** Information provided **
◇ ◇ ◇ ◇
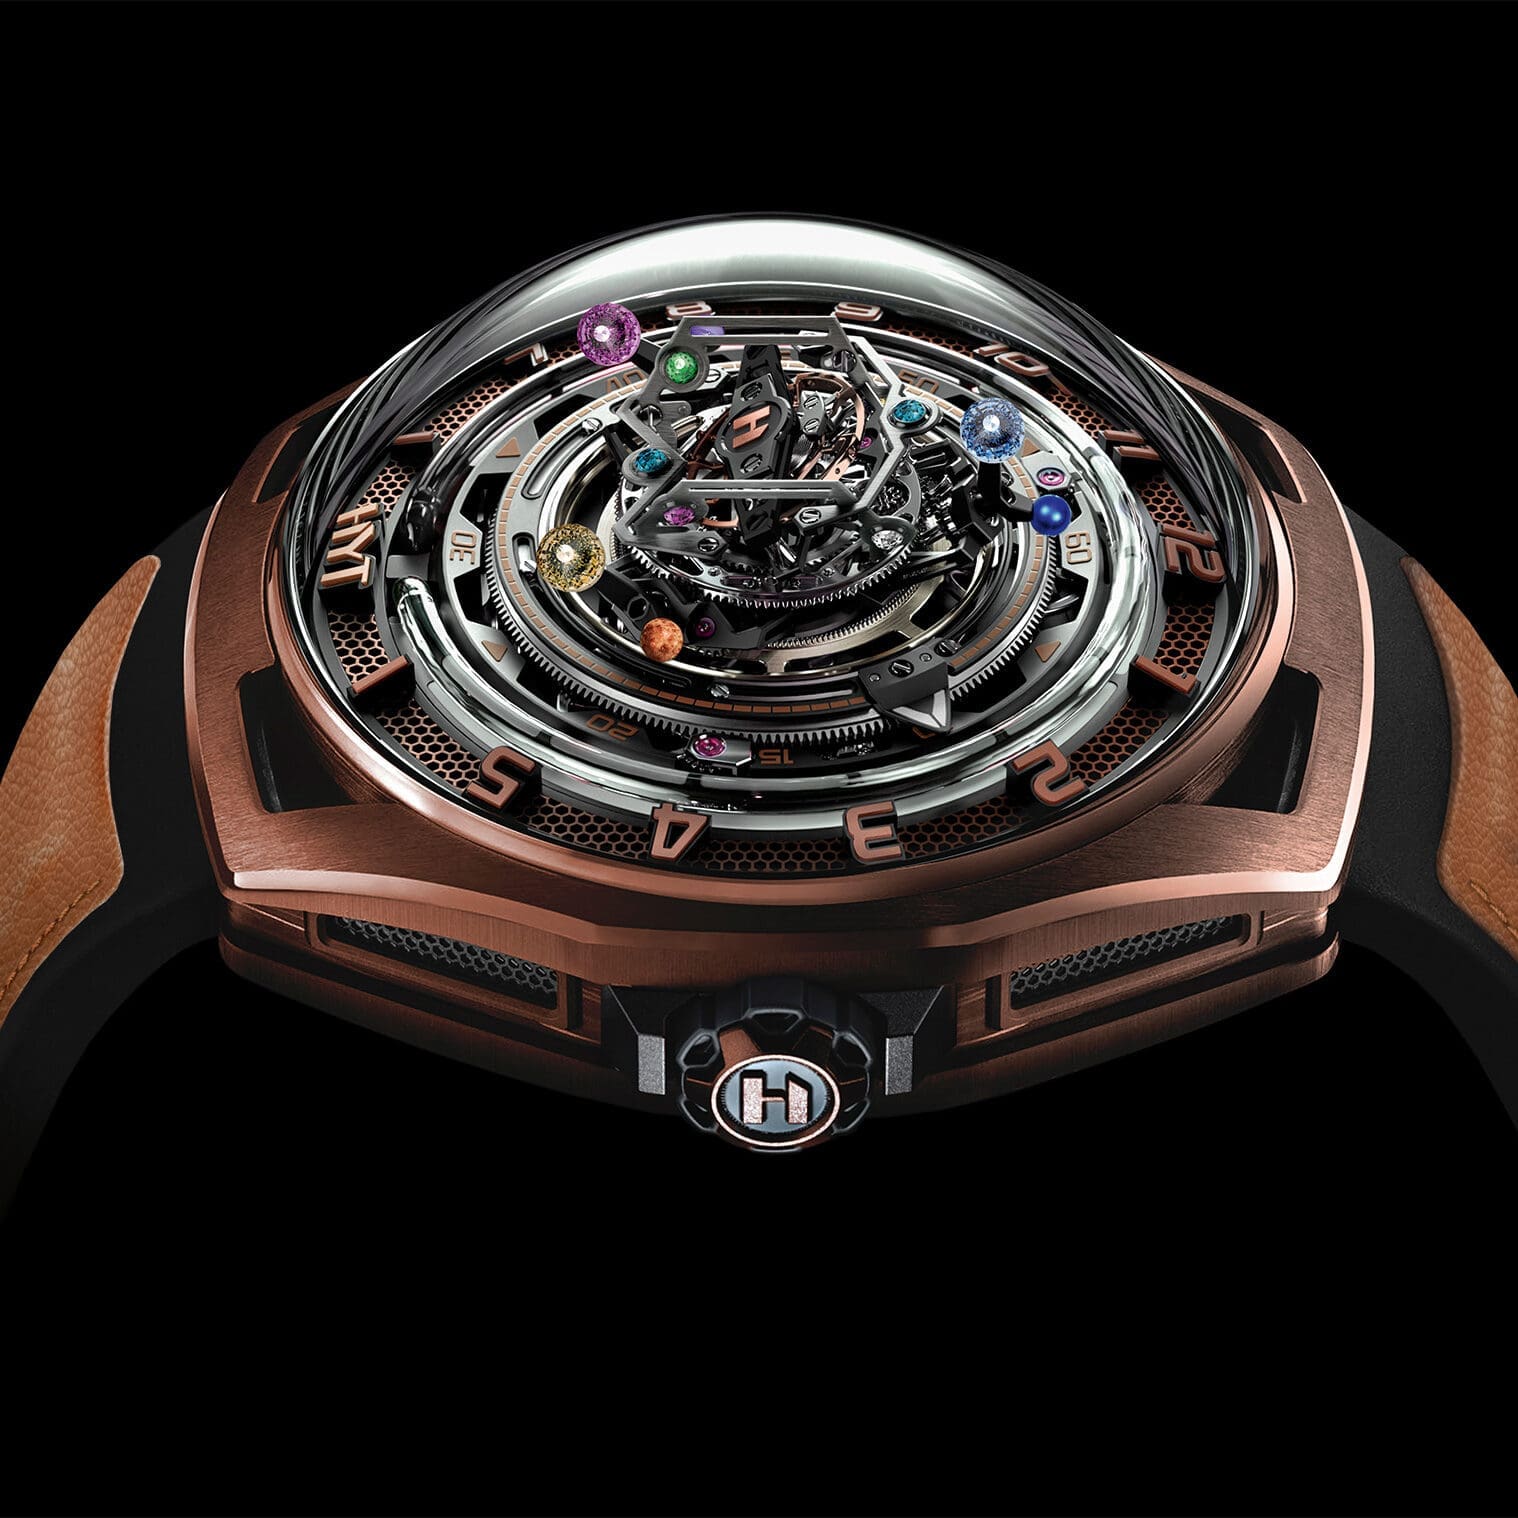 The new HYT Conical Tourbillon Infinity Sapphires is a high complication fit for Thanos
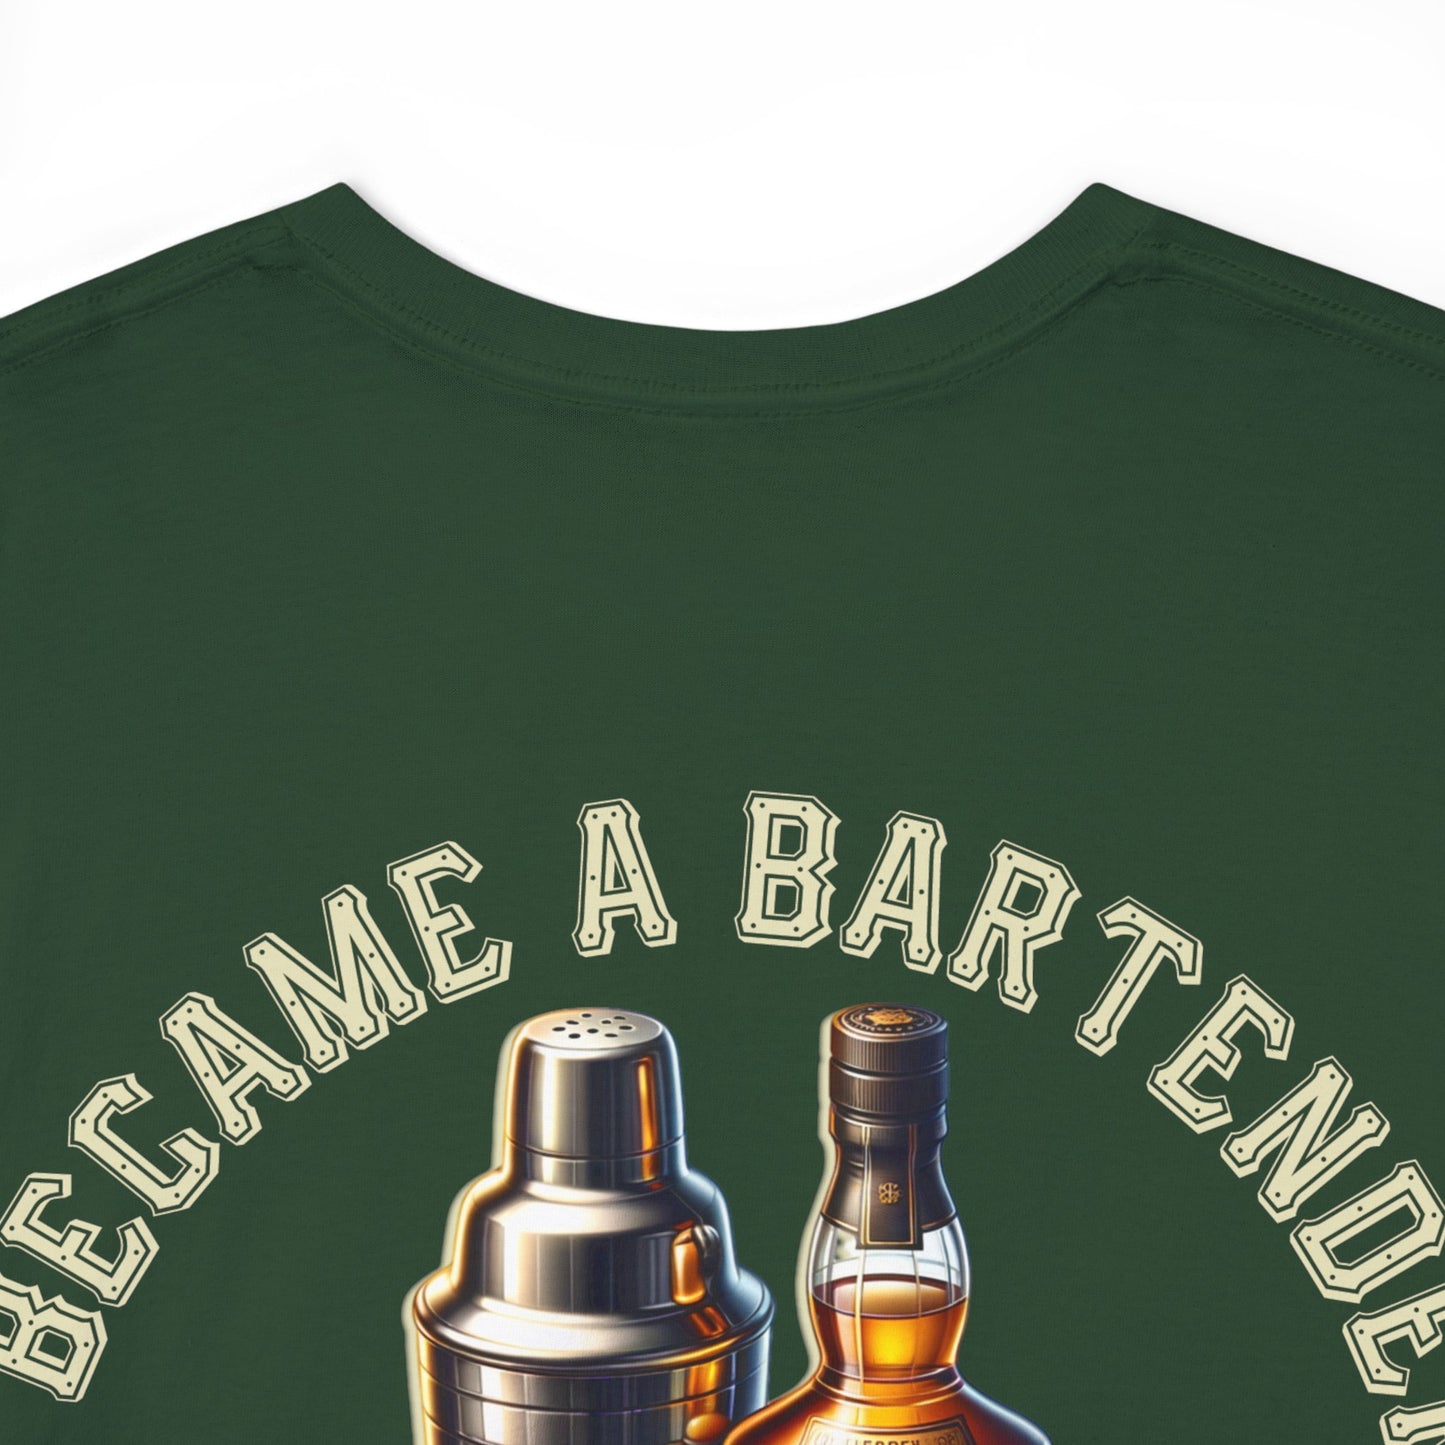 BARTENDER FAME AND MONEYON BACK  Unisex Heavy Cotton Tee
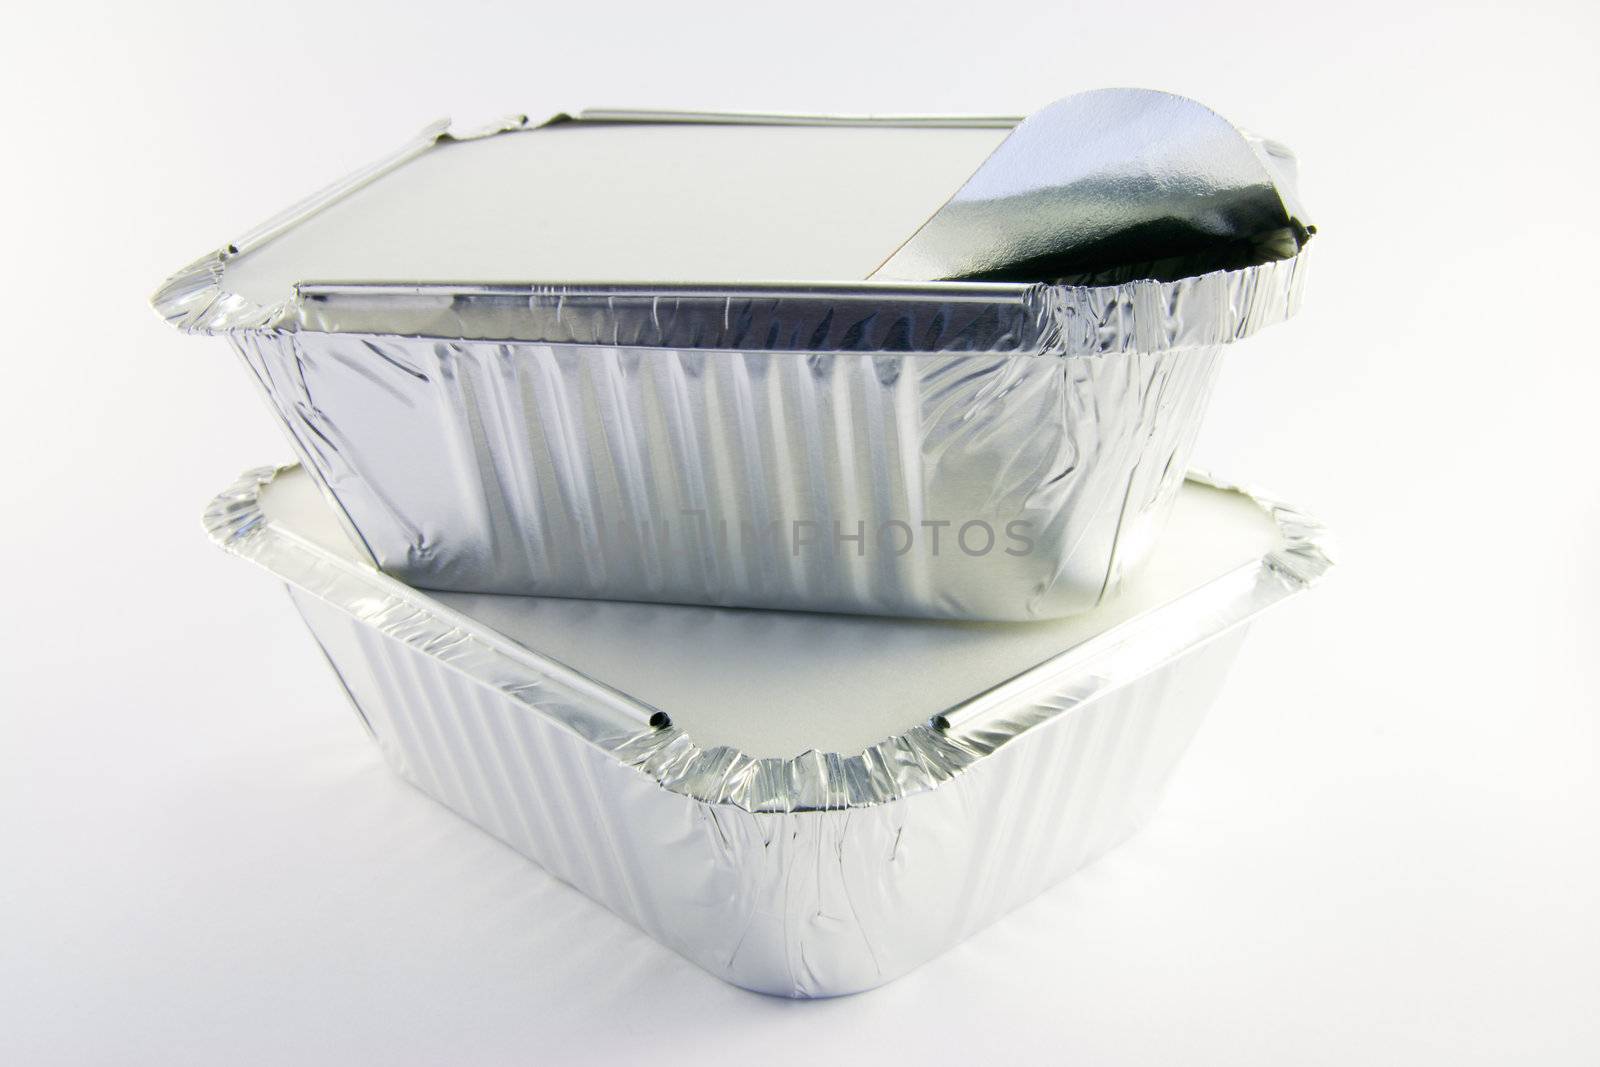 2 square foil catering trays 1 partly opened
◇ ◇ ◇ ◇
** Task directions **
Copy the material exactly as written and leave every picture behind.

** Result **
 The new HYT Conical Tourbillon Infinity Sapphires is a high complication fit for Thanos
 BARTENDER FAME AND MONEYON BACK  Unisex Heavy Cotton Tee
 2 square foil catering trays 1 partly opened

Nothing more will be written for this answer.